The stunning environments and humanistic details are far from the only stunning parts of the game, as even fighting looks magnificent. Not only does combat look incredible, but it feels incredible as well. The combat is surprisingly reminiscent of “Dark Souls” with an emphasis on dodging and parrying, but with a difficulty, that’s much more welcoming to beginners.

Full disclosure: I had to change the game’s difficulty a few hours in because it was already too difficult, but I wouldn’t consider this a negative. In fact, it’s a testament to the developers’ skill in creating fresh, engaging combat that utilizes the variety of tools Kena earns along her journey. The game has four difficulty modes and whether you’re looking for an extreme challenge or a compelling story with lighter combat, you’ll enjoy the experience just as much. 

What struck me the most about “Kena: Bridge of Spirits” was not its style or systems, but its story. I cried not once, not twice but four times over the course of my ten-hour playthrough. The story is essentially broken up by side characters, with each section centered around Kena’s journey to rescue a different character. I went into “Kena: Bridge of Spirits” expecting a beautiful, mysterious puzzle game, but as the credits rolled I reflected on the touching themes of grief, environmentalism and acceptance of change.
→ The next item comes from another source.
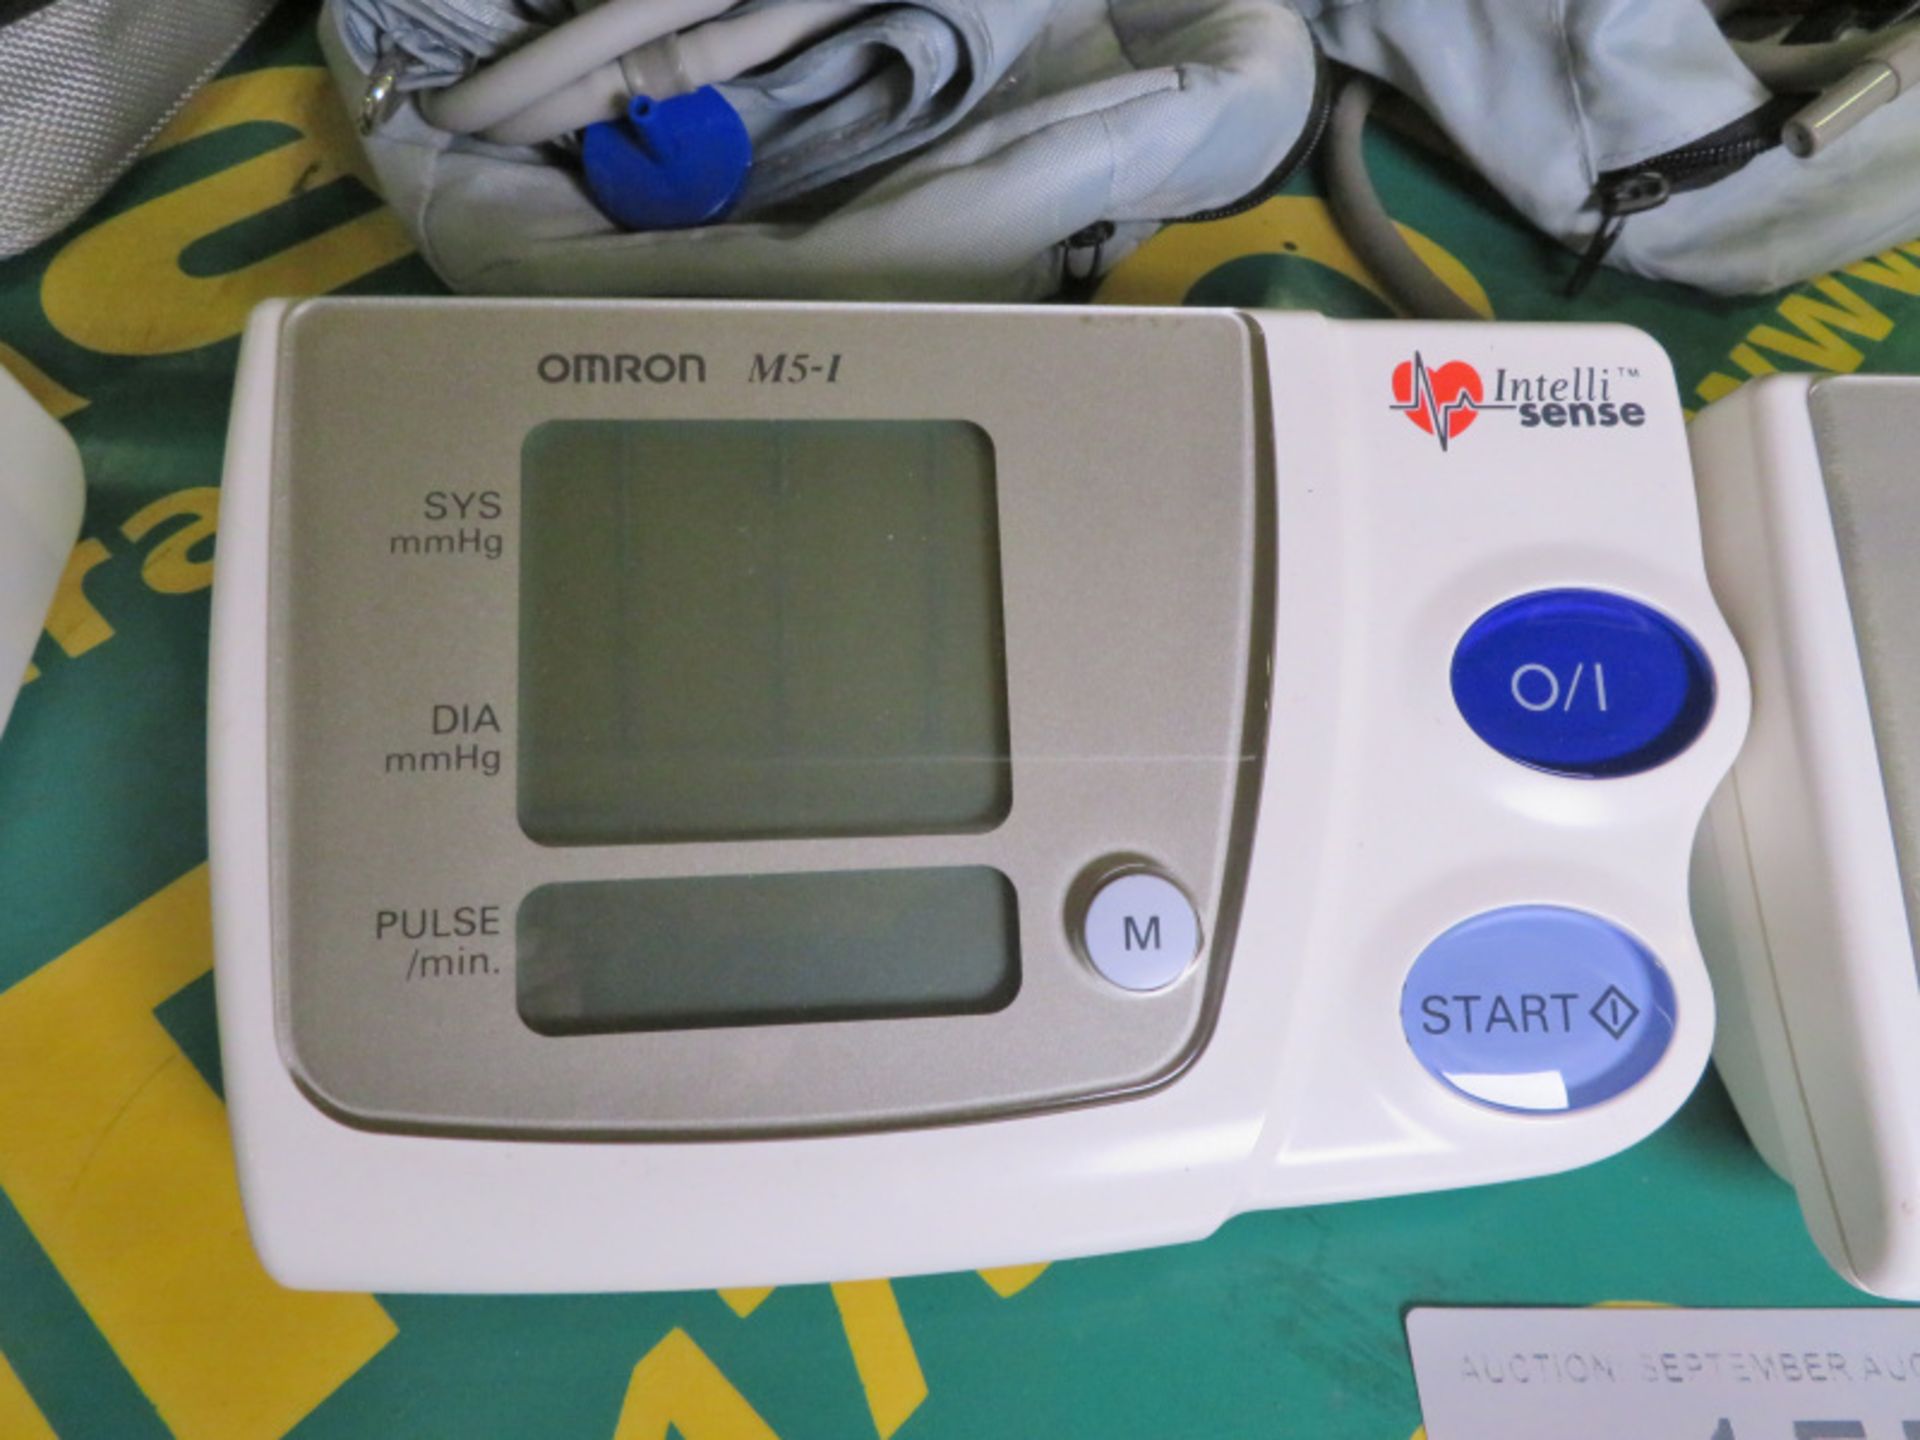 2x Omron M5-I Intelli Sense Blood Pressure Monitors with case - Image 2 of 3

Each spirit’s story was told through not just cutscenes, but the look and feel of the environment, collectibles, music and combat of each area in Kena’s world. The tone shifts from joy, sadness, anger and finally relief over the course of the journey; the final moments are bittersweet. I understood the motivations of each character, especially the antagonist. The spirits of “Kena” experienced grief in their own ways and soaking up their surroundings helped me understand my own grieving process.

I’m no stranger to grief. While growing up I struggled to cope with tumultuous periods of change in my life, so Kena’s story hit hard. Just like Kena, I’ve always felt an obligation to prove myself, especially after the death of someone important to me as a child. The message at the culmination of Kena’s story was something I’ve been working on for years: Change will come and it’s okay to grieve as long as we can find inner peace and move on. 

There’s something comforting about hearing this message through a video game. It reminds me that I’m not alone and everyone has moments of struggling to accept reality. We may all experience pain and change differently, but we can still work through it together. Whatever the future holds for Ember Lab, I look forward to seeing how they follow up such a beautiful, emotional experience.